◆ **INSTRUCTIONS TO FOLLOW**
Only an exact repeat of the listing, without its images, counts as the answer.

◆ **GIVEN MATERIAL**
□ □ □ □ □ □ □

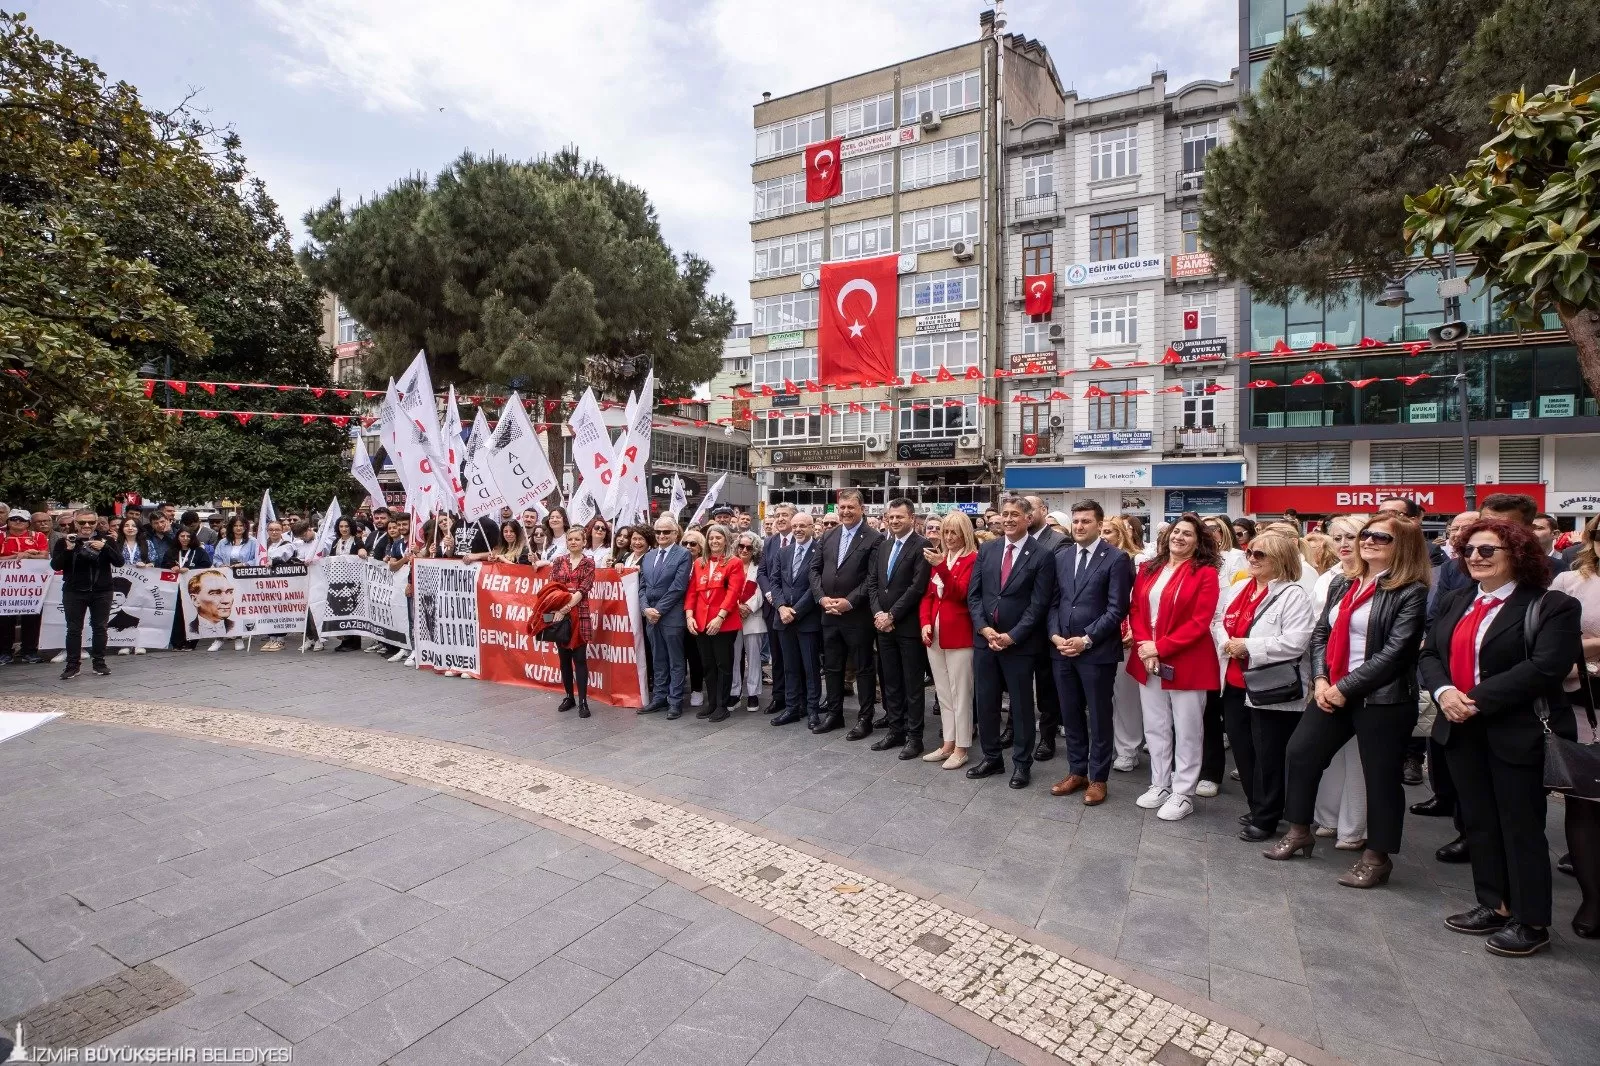 İzmir Büyükşehir Belediye Başkanı Dr. Cemil Tugay, Cumhuriyet Halk Partisi (CHP) Samsun İl Başkanlığı'nın 19 Mayıs'ın 105. yıl dönümü için düzenlediği törene katıldı. 
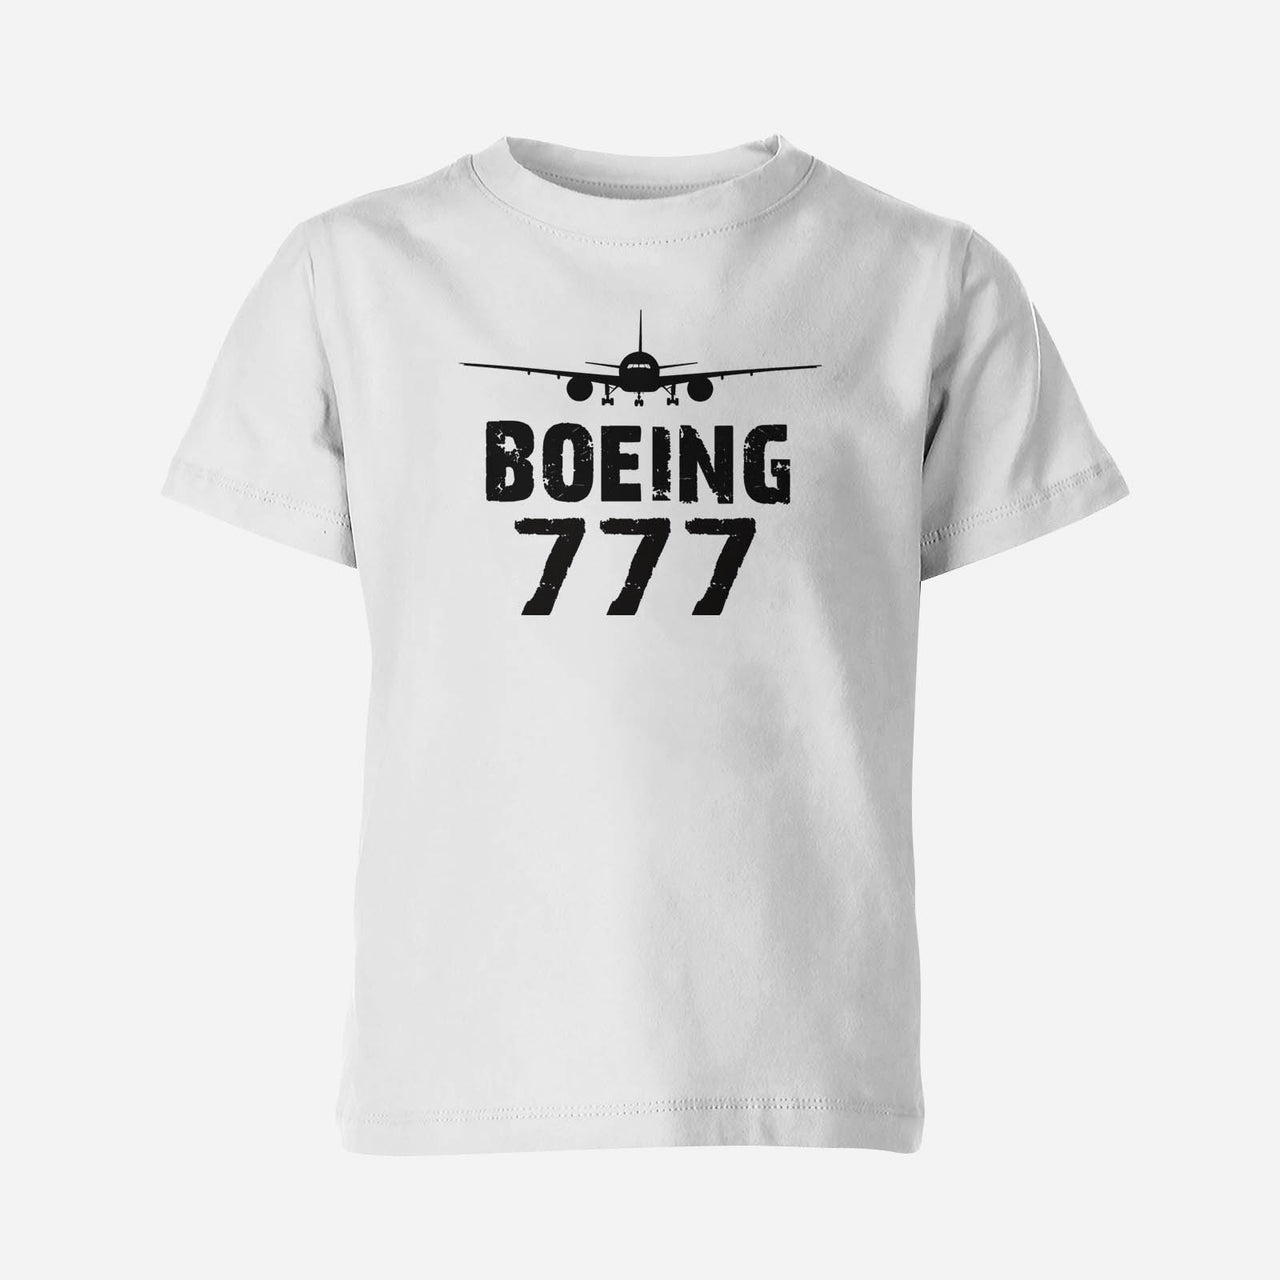 Boeing 777 & Plane Designed Children T-Shirts
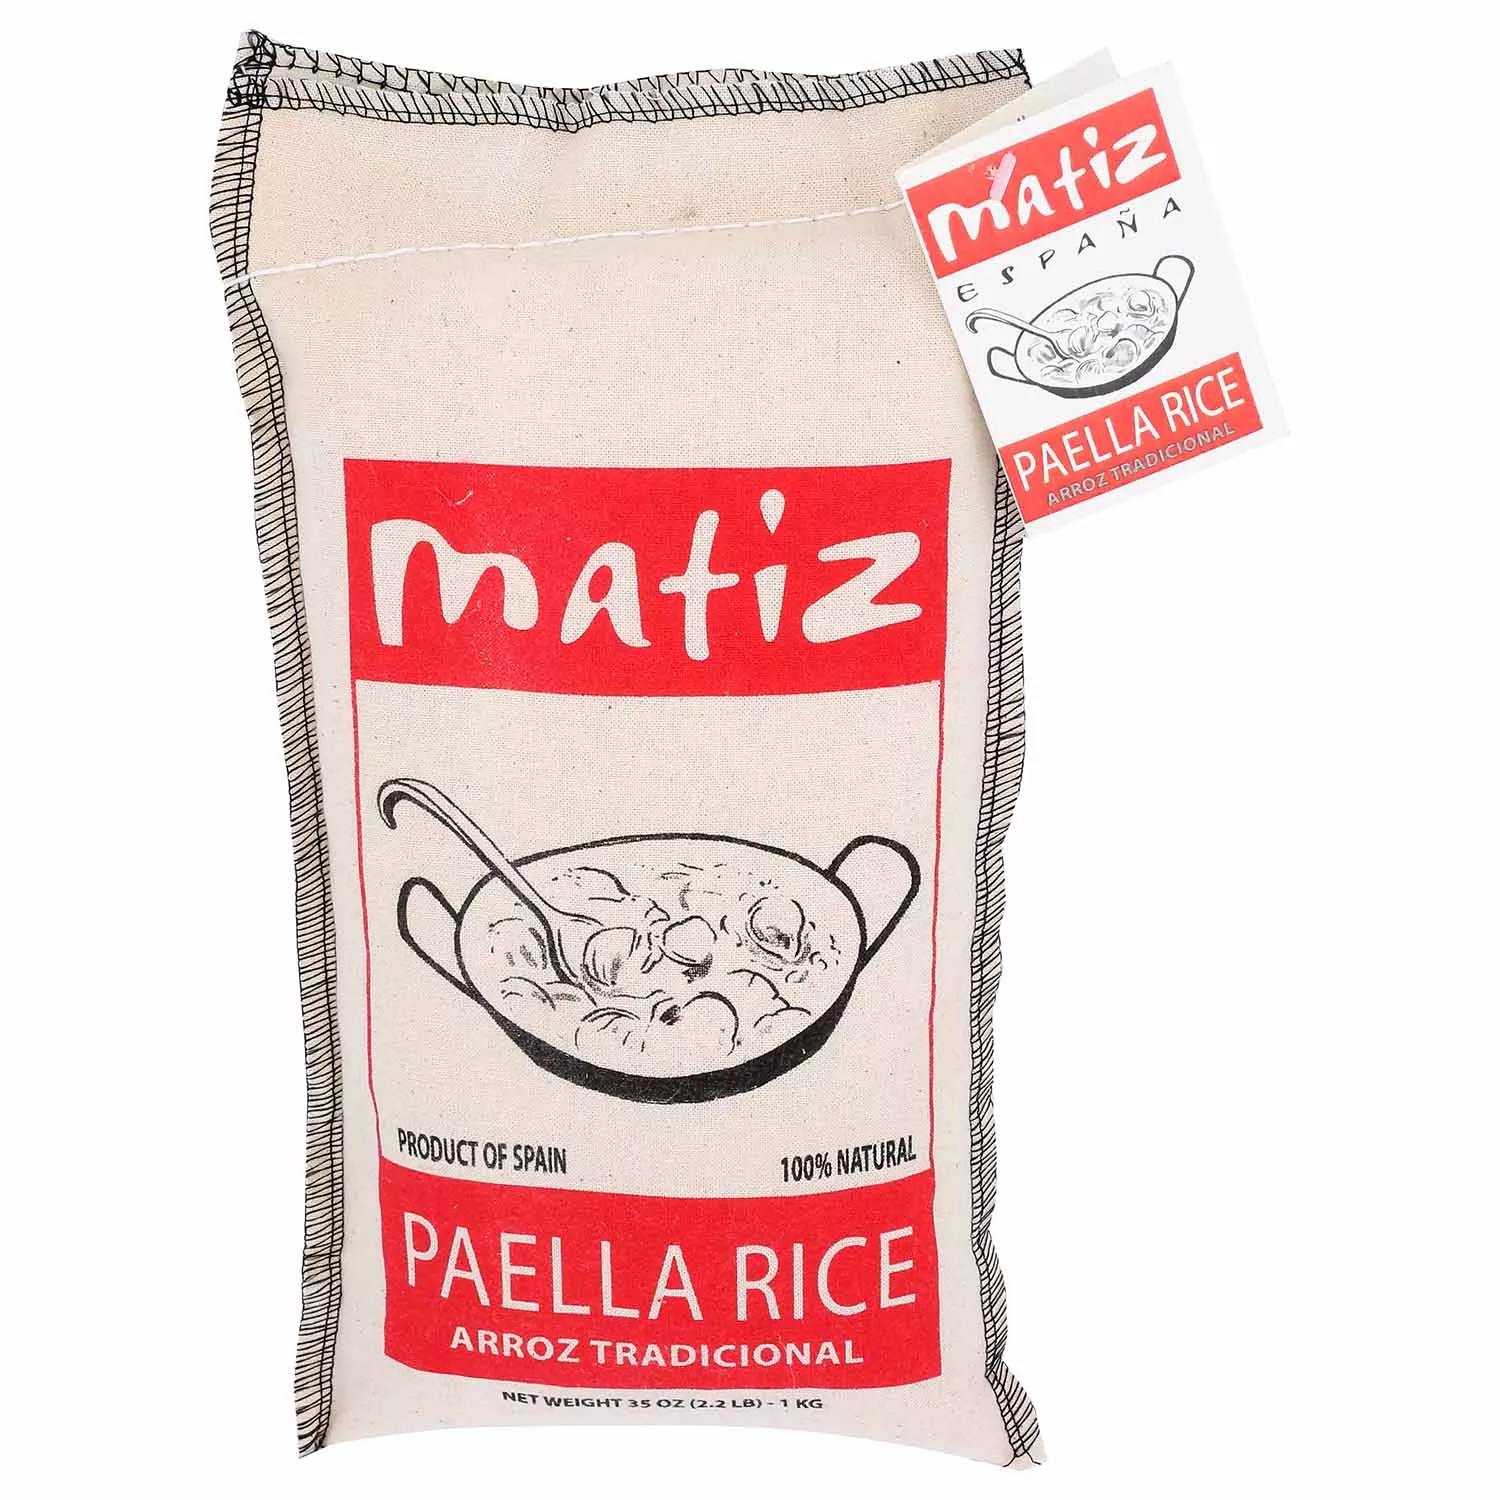 Matiz Valencia Paella Rice, 35 oz.

□ □ □ □ □ □ □

◆ **SOLVED PROBLEM**
 İzmir Büyükşehir Belediye Başkanı Dr. Cemil Tugay, Cumhuriyet Halk Partisi (CHP) Samsun İl Başkanlığı'nın 19 Mayıs'ın 105. yıl dönümü için düzenlediği törene katıldı. 
 Boeing 777 & Plane Designed Children T-Shirts
 Matiz Valencia Paella Rice, 35 oz.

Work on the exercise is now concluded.